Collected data
******
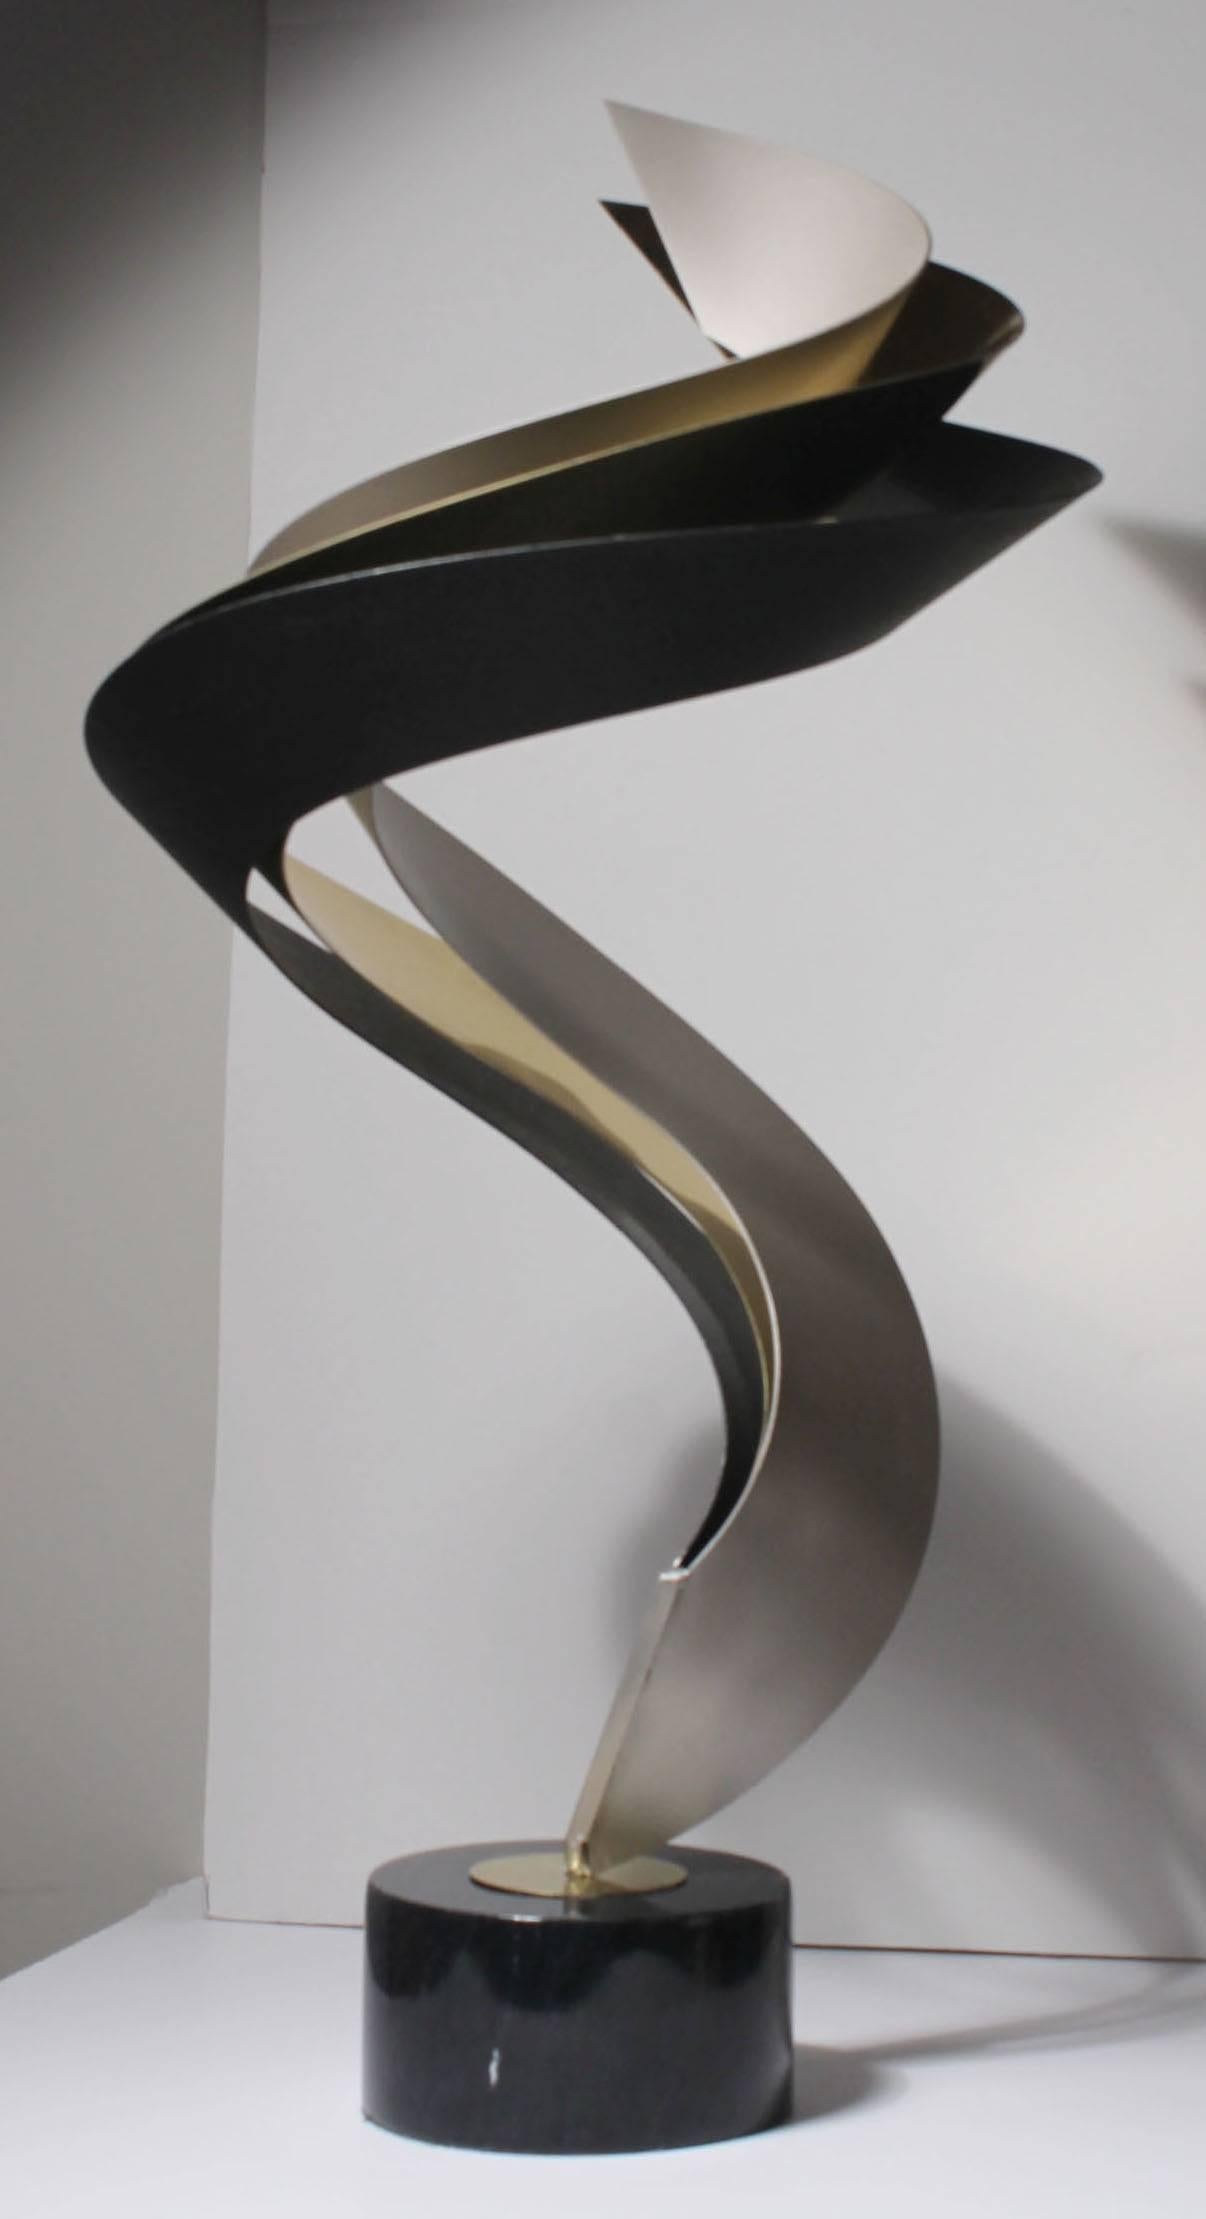 Elégante sculpture d'art de table Jere
Composé de trois finitions métalliques. Noir, laiton et argent mat.
Base en marbre.
Signé et daté (1993) sur la base.

Les dimensions sont approximatives. Veuillez confirmer si vous souhaitez des dimensions
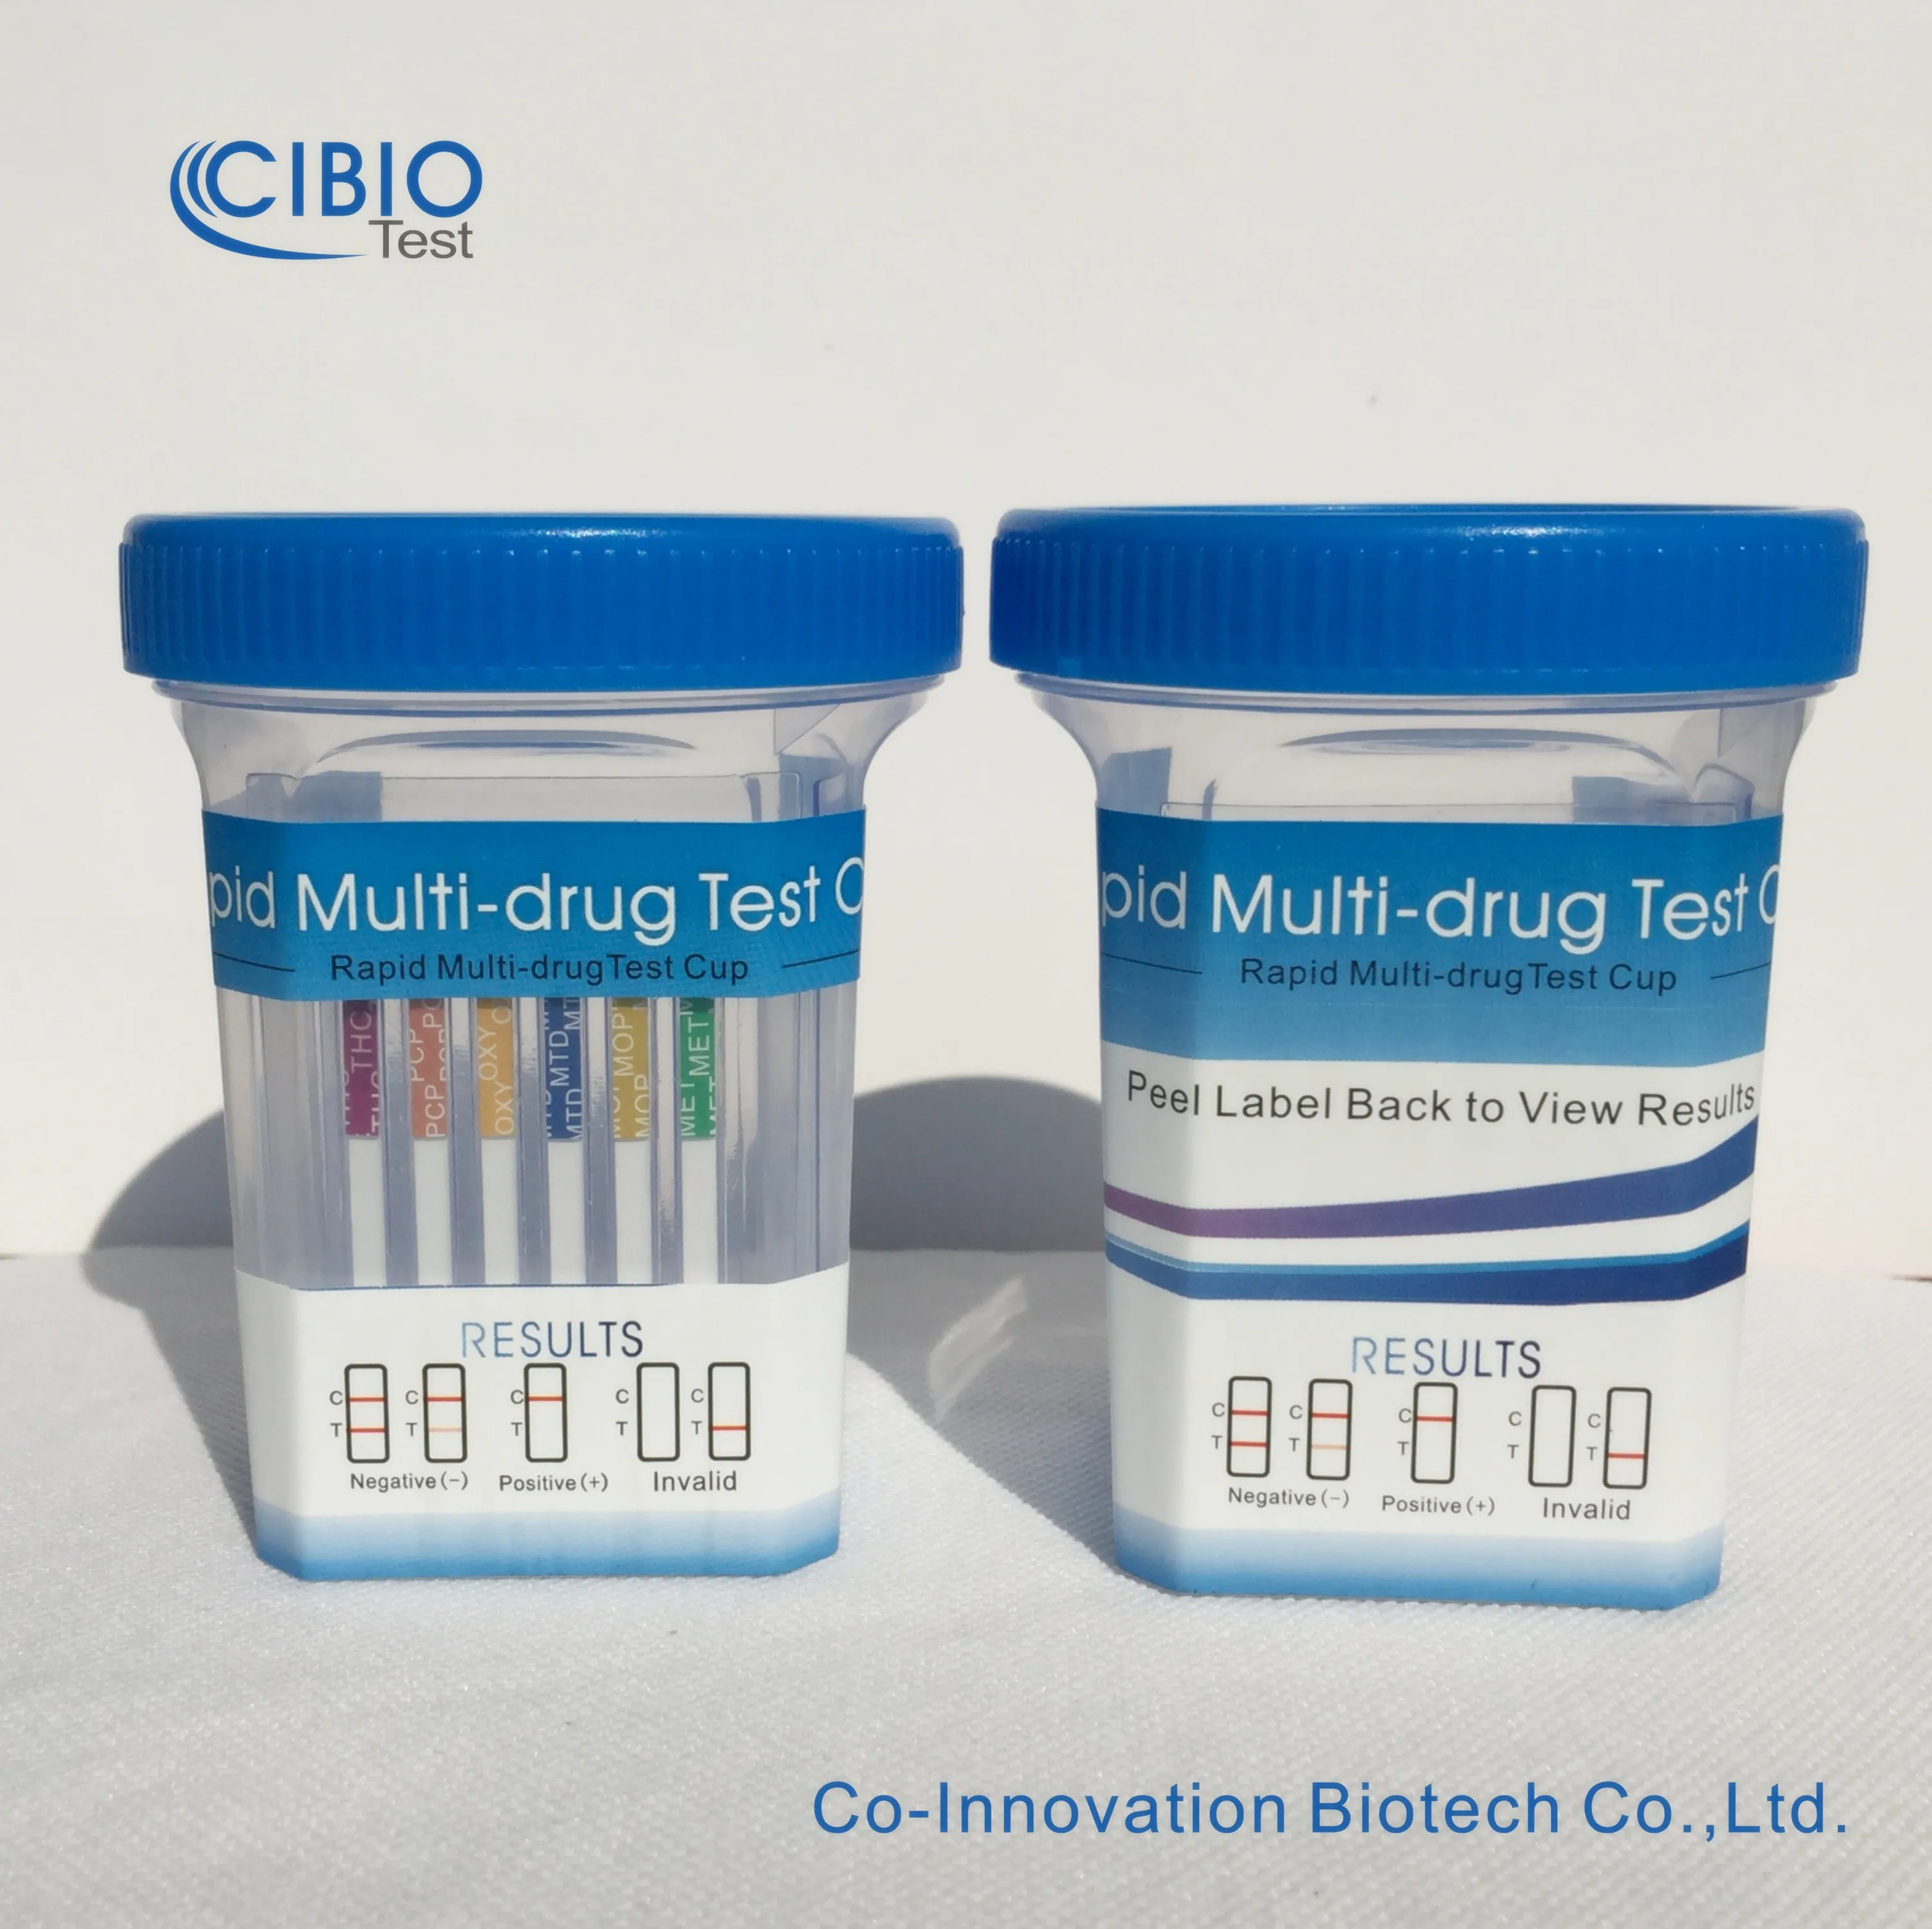 Drug Test THC (Marijuana) Urine Rapid Test Kits Multi-Drug of Abuse Test Kit With CE Certificate
******
Task requirements:
The entries are to be reproduced exactly, excluding any pictures they contain.

Solution to this task:
 Elégante sculpture d'art de table Jere
Composé de trois finitions métalliques. Noir, laiton et argent mat.
Base en marbre.
Signé et daté (1993) sur la base.

Les dimensions sont approximatives. Veuillez confirmer si vous souhaitez des dimensions
 Drug Test THC (Marijuana) Urine Rapid Test Kits Multi-Drug of Abuse Test Kit With CE Certificate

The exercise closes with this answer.